The future of video conferencing is here. Audio visual conferencing has developed in leaps and bounds since its inception, which arguably dates back to the late 1930s, when the German Post Office (Reich Postzentralamt) successfully set up a network in several cities. These connections were made of closed circuit television systems, which were connected by cables. Since then a technique was developed, chiefly by NASA on the first manned space flights, to link televisual information via radio frequency links. This is the sort of link, still used today, by news teams to transmit reports from faraway locations. This kind of communication is all very well and good for high profile media presenters, or space expeditions, but it can hardly be viable for businesses, educational purposes, or telemedicine practices: it is simply far too expensive. Telepresence video conferencing, as we think of it today, uses much more economical technology, and so it is much more accessible to businesses and individuals around the world.

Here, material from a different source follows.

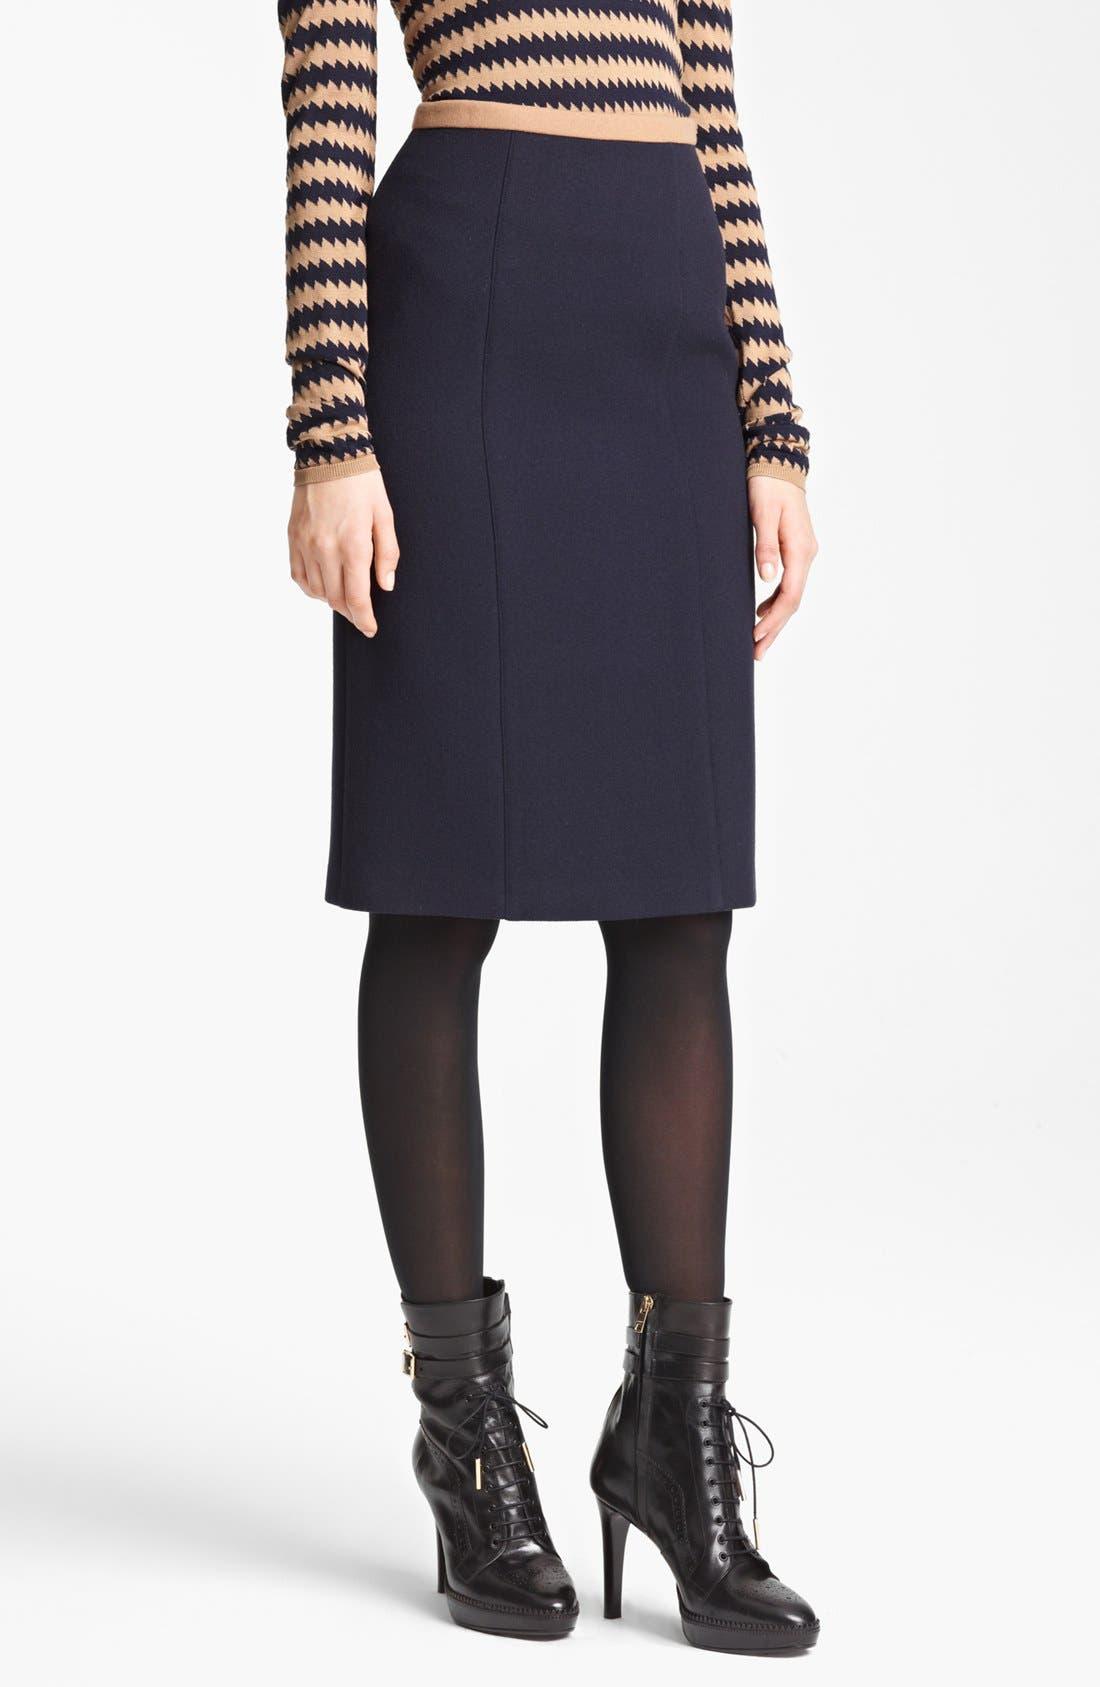 Alternate Image 1 Selected - Burberry Prorsum Contrast Waist Skirt

A good visual link enables you to communicate remotely to the fullest extent possible – visually and verbally. But the road to having the sufficient level of technology to achieve this has not been simple, since there have been a number of issues that have made things tricky. In the 1980s a breakthrough was made when developers used Integrated Services Digital Network (ISDN) digital telephony transmission networks to support compressed audio and visual transmissions, with some degree of success. In the 1990s, however, video conferencing founded on Internet Protocol (IP) became available, which represented a revolution in the industry. This is because among the implications was the fact that televisual communications on personal computers was now feasible, and the race to realise a widely available software solution had commenced.

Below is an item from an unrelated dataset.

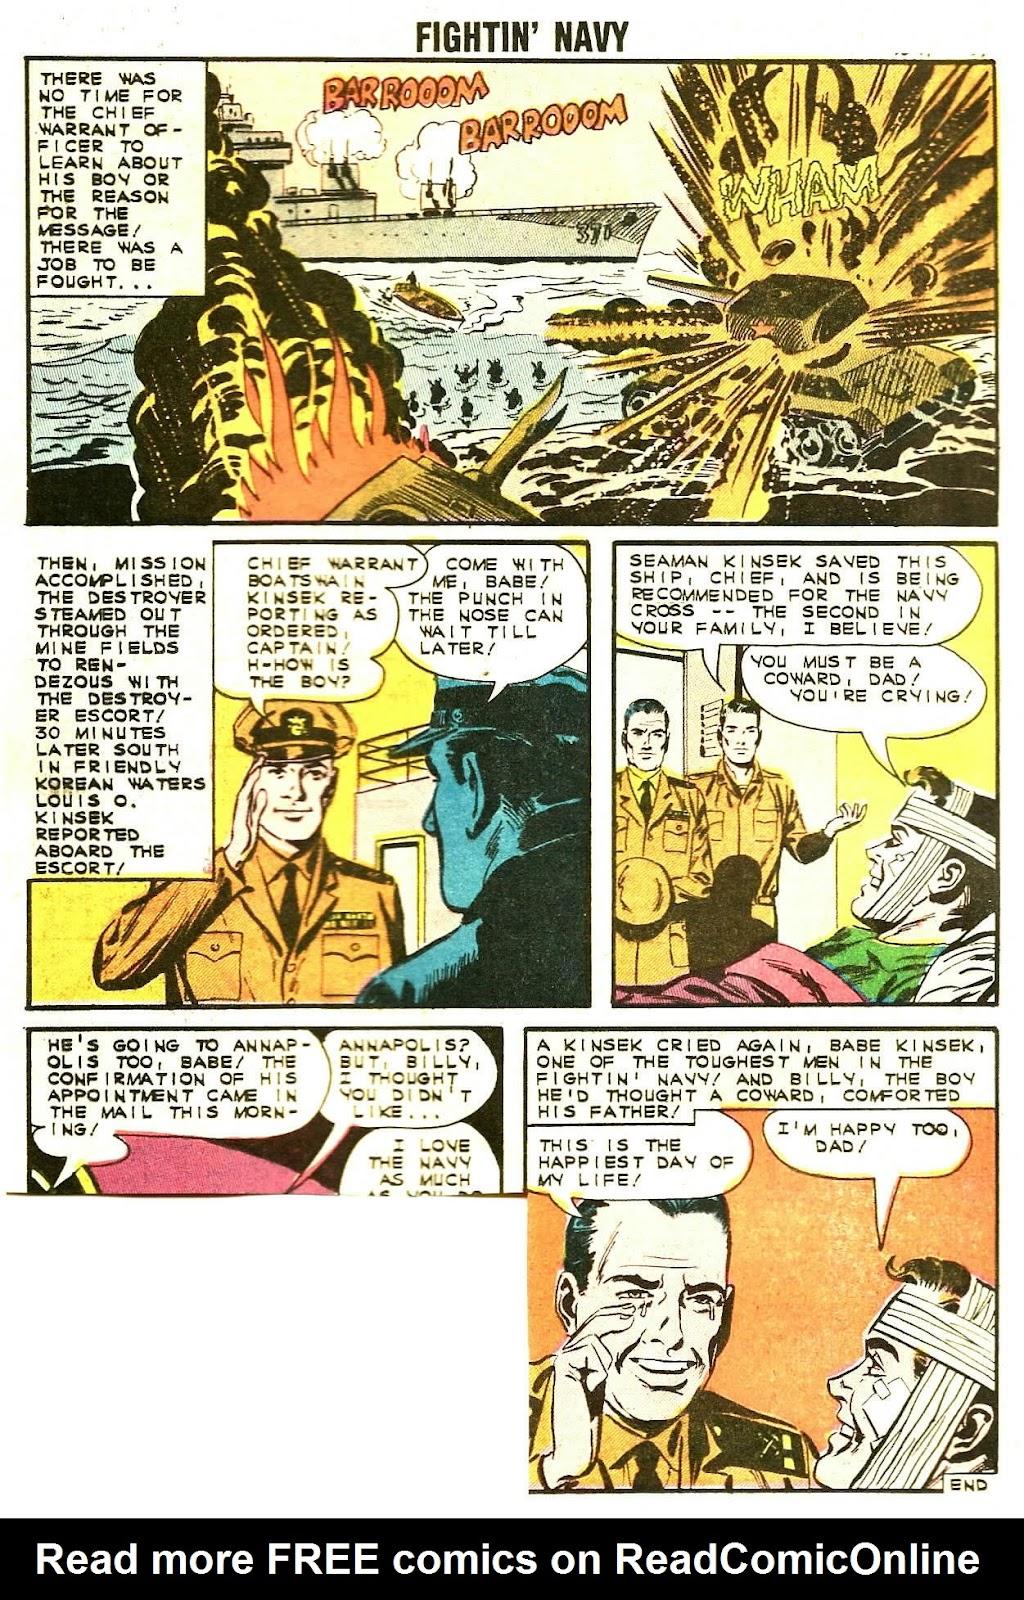 Read online Fightin' Navy comic -  Issue #107 - 16

Nowadays, audio visual conferencing solutions are available left, right and centre, from the free, albeit relatively low quality, Skype and iChat webcam plugin services to high-end telepresence video conferencing firms supplying large multi-national companies. A huge range of solutions are available, and can be catered to the individual needs of any business. video conferencing is said to be the way forward for remote communications in the future, so some communications companies are competing to stay on top of the game as far as the technology is concerned. In an age where almost everybody in the western world already seems to have mobile telephones, it seems only a matter of time before we are all communicating with mobile video technology as well.